By 1950, the Cold War was in full swing, and the "Red Scare" had gripped the United States. A growing fear of the U.S.S.R. and communist influence within the United States had led to official "loyalty oaths" (via The First Amendment Encyclopedia) for federal employees and paranoid investigations in the U.S. congress. So when Richard Colvin Cox vanished from West Point, it's no surprise that some investigators looked at the case through the lens of espionage — and they didn't come up entirely empty.

According to "Oblivion: The Mystery of West Point Cadet Richard Cox," notes Cox left behind indicated he was making an attempt to learn how to speak Russian. The Washington Post reports this was confirmed in a letter Cox had written to a woman in Germany just a few weeks before his disappearance, in which he also asked pointedly "What is the Russian situation in Lichtenfels and vicinity? ... I'm very interested in the Russian situation." LIFE explains the rest of the contents of the letter were innocuous, with Cox simply desiring correspondence and expressing uncertainty that the woman would even remember who he was. But that makes the question stand out even more.

Neither of these pieces of evidence proves anything, of course. But considering how thoroughly Richard Colvin Cox vanished, the possibility that he crossed over to the Soviets at the height of the Cold War can't be completely discounted.

Cox may have become a spy

According to LIFE, Richard Colvin Cox served with the United States Constabulary in Germany prior to entering West Point. But Hudson Valley Magazine reports that he served as an intelligence officer, and there are reasons to think it possible that Cox's 1950 disappearance had everything to do with becoming a spy.

According to Richland Source, an old friend of Cox's, William F. McKee, eventually became Richland County prosecutor. While in the Ohio FBI office one day, McKee asked to see the bureau's file on Cox — and the agent "visibly turned pale" and gave excuses why the file couldn't be produced. A few years later, he made another request to see the Cox file, and once again the files never showed up. In 1982, a journalist was finally able to get the Cox file and discovered it was heavily censored, and 165 pages were simply missing. The whole experience implies that someone in a position to do so wanted to prevent anyone from seeing the results of the investigation in Richard Colvin Cox's disappearance.

While it's also possible the FBI wanted to keep the details secret due to embarrassment over the lack of progress, it's also consistent with the idea that Cox, who had experience working in intelligence, was recruited by the CIA or some other agency.

A CIA agent indicated that Cox was alive

In "Oblivion: The Mystery of West Point Cadet Richard Cox," author Harry J. Maihafer reports that it's possible Richard Colvin Cox didn't disappear at all, but was recruited into the CIA. At the time of Cox's disappearance, the CIA (which had just been formed in 1947) was actively recruiting former soldiers with experience serving outside the U.S. Since Cox had some experience working in intelligence in Germany (via Hudson Valley Magazine), he was ideally qualified.
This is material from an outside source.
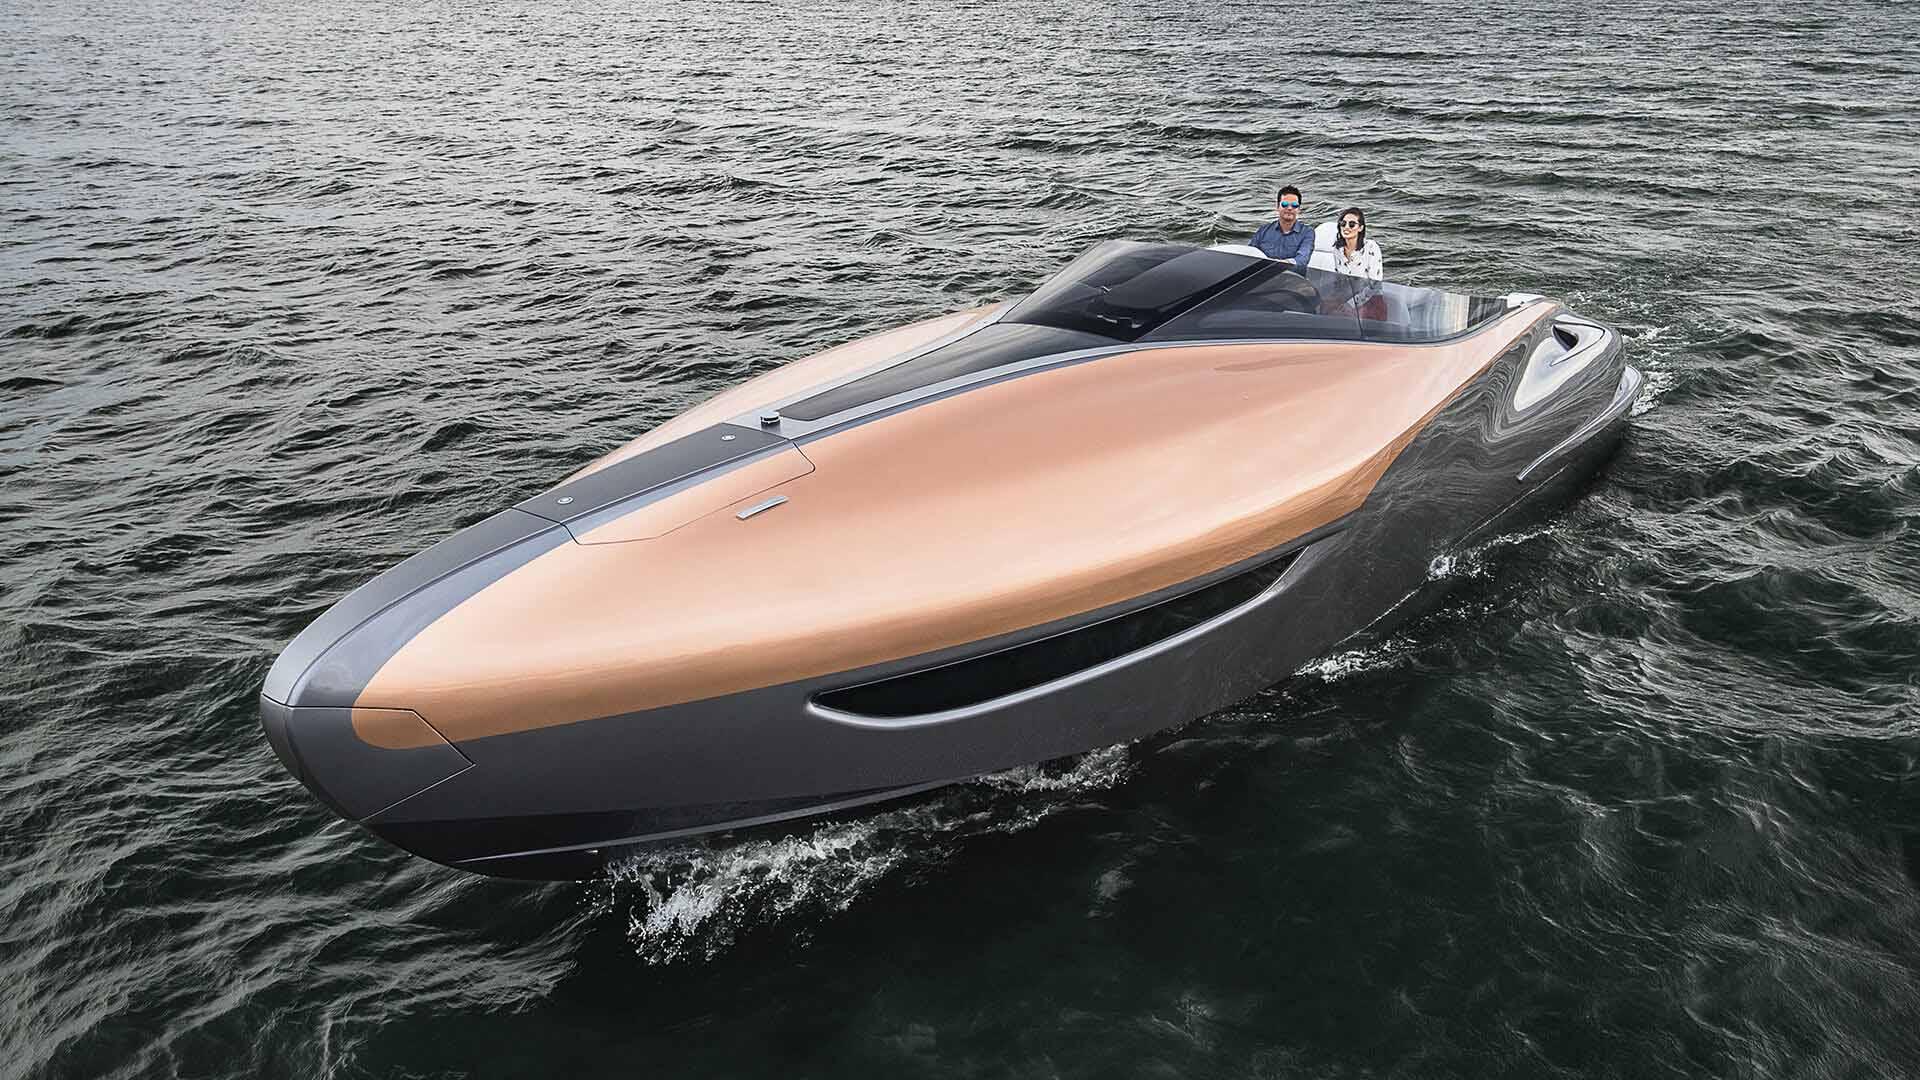 2017 lexus yacht gallery02
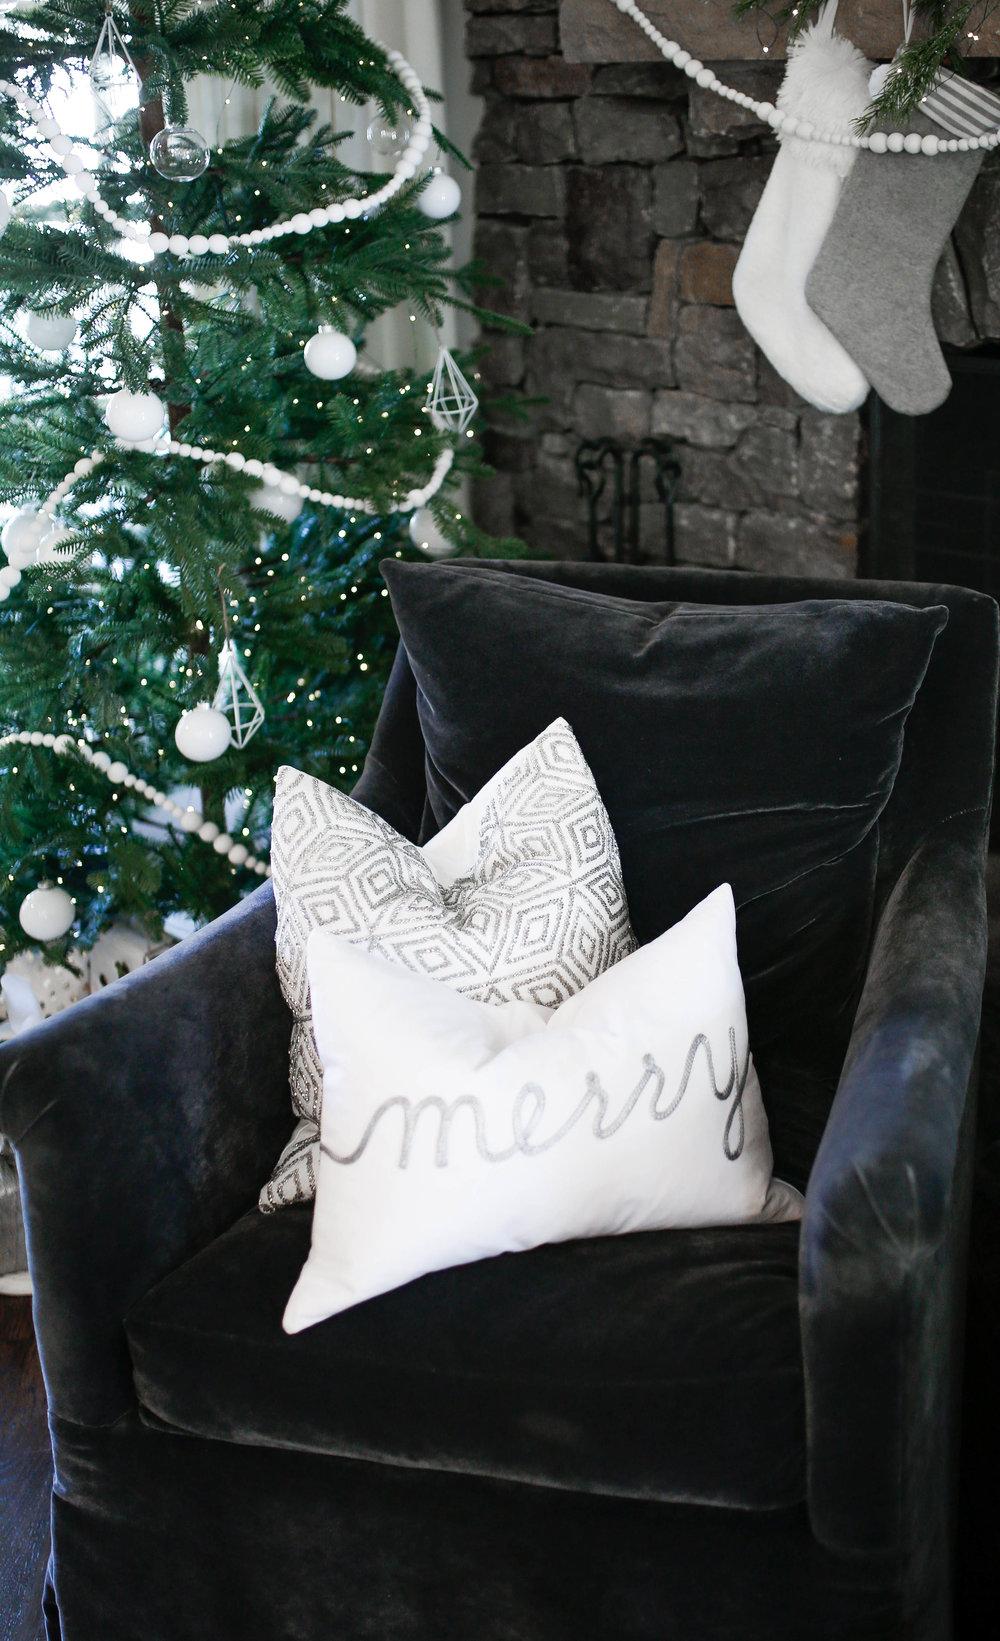 merry pillow in kitchen chair.jpg

Some investigators speculated that the mysterious man called "George" who visited Cox shortly before he vanished was in fact a man named David Westervelt, who had supervised Cox in Germany, and who may have been a recruiter for the CIA.

According to Front Page Detectives, a former FBI agent stated that the bureau had been within 24 hours of catching Cox but were "pulled off the case," implying a higher authority was protecting Cox. Per Maihafer (via Assembly), a highly placed CIA officer confirmed that Richard Colvin Cox was still alive but had no desire to come forward and speak to anyone. The CIA contact also implied that Cox was ill with cancer and on his deathbed. The possibility that this was a falsehood designed to discourage further inquiry is possible, of course.